Records contained in a dataset
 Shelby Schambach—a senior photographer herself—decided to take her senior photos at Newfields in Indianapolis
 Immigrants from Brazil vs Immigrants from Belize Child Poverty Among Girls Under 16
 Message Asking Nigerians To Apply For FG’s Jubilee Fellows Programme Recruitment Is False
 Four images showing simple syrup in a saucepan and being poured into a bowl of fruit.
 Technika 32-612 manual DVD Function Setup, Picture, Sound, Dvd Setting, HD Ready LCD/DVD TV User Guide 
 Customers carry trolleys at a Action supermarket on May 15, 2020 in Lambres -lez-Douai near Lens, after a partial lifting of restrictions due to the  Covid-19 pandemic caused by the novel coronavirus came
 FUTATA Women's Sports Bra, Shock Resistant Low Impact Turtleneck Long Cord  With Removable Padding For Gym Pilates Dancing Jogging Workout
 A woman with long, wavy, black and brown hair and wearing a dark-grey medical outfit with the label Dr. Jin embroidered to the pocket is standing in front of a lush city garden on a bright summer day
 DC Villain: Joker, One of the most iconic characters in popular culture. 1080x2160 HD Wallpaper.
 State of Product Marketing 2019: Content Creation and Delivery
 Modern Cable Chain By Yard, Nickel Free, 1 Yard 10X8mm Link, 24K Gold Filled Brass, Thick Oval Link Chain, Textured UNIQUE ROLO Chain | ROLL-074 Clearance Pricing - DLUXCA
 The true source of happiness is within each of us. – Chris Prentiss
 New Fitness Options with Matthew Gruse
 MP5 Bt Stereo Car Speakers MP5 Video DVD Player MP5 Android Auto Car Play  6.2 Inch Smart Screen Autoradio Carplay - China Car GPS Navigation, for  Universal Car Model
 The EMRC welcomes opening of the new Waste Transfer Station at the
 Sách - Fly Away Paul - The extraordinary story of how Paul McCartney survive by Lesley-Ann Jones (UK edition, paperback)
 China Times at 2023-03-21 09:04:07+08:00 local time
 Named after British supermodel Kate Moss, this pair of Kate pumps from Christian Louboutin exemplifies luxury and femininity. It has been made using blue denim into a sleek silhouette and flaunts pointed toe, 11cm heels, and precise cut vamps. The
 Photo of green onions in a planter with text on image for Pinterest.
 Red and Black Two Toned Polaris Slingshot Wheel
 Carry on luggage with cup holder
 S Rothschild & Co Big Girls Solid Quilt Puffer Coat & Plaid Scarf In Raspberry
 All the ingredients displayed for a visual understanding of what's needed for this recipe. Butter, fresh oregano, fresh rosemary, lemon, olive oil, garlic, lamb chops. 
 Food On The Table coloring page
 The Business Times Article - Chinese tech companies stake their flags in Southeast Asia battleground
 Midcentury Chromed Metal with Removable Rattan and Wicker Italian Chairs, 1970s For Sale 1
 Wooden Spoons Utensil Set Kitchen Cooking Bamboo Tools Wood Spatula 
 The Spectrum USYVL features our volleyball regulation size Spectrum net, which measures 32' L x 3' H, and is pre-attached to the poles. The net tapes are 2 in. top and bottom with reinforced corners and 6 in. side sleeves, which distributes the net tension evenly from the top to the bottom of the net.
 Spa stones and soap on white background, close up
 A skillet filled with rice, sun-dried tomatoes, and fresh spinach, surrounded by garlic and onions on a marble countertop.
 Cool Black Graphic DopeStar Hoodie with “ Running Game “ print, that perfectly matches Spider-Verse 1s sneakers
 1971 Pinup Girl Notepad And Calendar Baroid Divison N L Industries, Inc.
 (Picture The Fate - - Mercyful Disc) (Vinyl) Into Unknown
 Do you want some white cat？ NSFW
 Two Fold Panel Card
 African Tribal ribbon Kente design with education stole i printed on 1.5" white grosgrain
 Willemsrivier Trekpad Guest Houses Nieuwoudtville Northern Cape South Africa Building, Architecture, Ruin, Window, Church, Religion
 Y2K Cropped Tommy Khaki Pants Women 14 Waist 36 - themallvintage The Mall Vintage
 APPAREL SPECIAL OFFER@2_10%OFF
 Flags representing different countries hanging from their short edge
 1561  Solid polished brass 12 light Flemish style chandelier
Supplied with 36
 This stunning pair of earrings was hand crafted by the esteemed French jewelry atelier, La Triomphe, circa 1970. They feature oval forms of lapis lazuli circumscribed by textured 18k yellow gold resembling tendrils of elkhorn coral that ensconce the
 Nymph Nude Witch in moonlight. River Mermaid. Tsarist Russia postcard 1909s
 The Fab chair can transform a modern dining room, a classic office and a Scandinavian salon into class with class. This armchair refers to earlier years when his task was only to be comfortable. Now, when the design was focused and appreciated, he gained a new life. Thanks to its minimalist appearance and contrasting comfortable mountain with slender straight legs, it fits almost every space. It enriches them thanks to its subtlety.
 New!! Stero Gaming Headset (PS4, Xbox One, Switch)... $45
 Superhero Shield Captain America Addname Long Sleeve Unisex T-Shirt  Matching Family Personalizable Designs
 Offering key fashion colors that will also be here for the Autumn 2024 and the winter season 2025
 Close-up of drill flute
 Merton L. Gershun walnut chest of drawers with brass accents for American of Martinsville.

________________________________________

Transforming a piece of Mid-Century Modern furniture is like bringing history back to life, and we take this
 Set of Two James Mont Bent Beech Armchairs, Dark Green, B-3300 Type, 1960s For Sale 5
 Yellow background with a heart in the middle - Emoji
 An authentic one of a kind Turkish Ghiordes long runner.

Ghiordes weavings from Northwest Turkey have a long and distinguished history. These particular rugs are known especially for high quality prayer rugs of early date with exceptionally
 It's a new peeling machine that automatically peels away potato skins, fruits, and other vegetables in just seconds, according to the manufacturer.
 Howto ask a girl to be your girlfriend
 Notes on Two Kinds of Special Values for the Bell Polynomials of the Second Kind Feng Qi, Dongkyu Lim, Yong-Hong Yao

• [WHAT IS BEING ASKED] What the answer needs is every line from the data above with "history" in it.

• [WRITTEN ANSWER]
Transforming a piece of Mid-Century Modern furniture is like bringing history back to life, and we take this
Ghiordes weavings from Northwest Turkey have a long and distinguished history. These particular rugs are known especially for high quality prayer rugs of early date with exceptionally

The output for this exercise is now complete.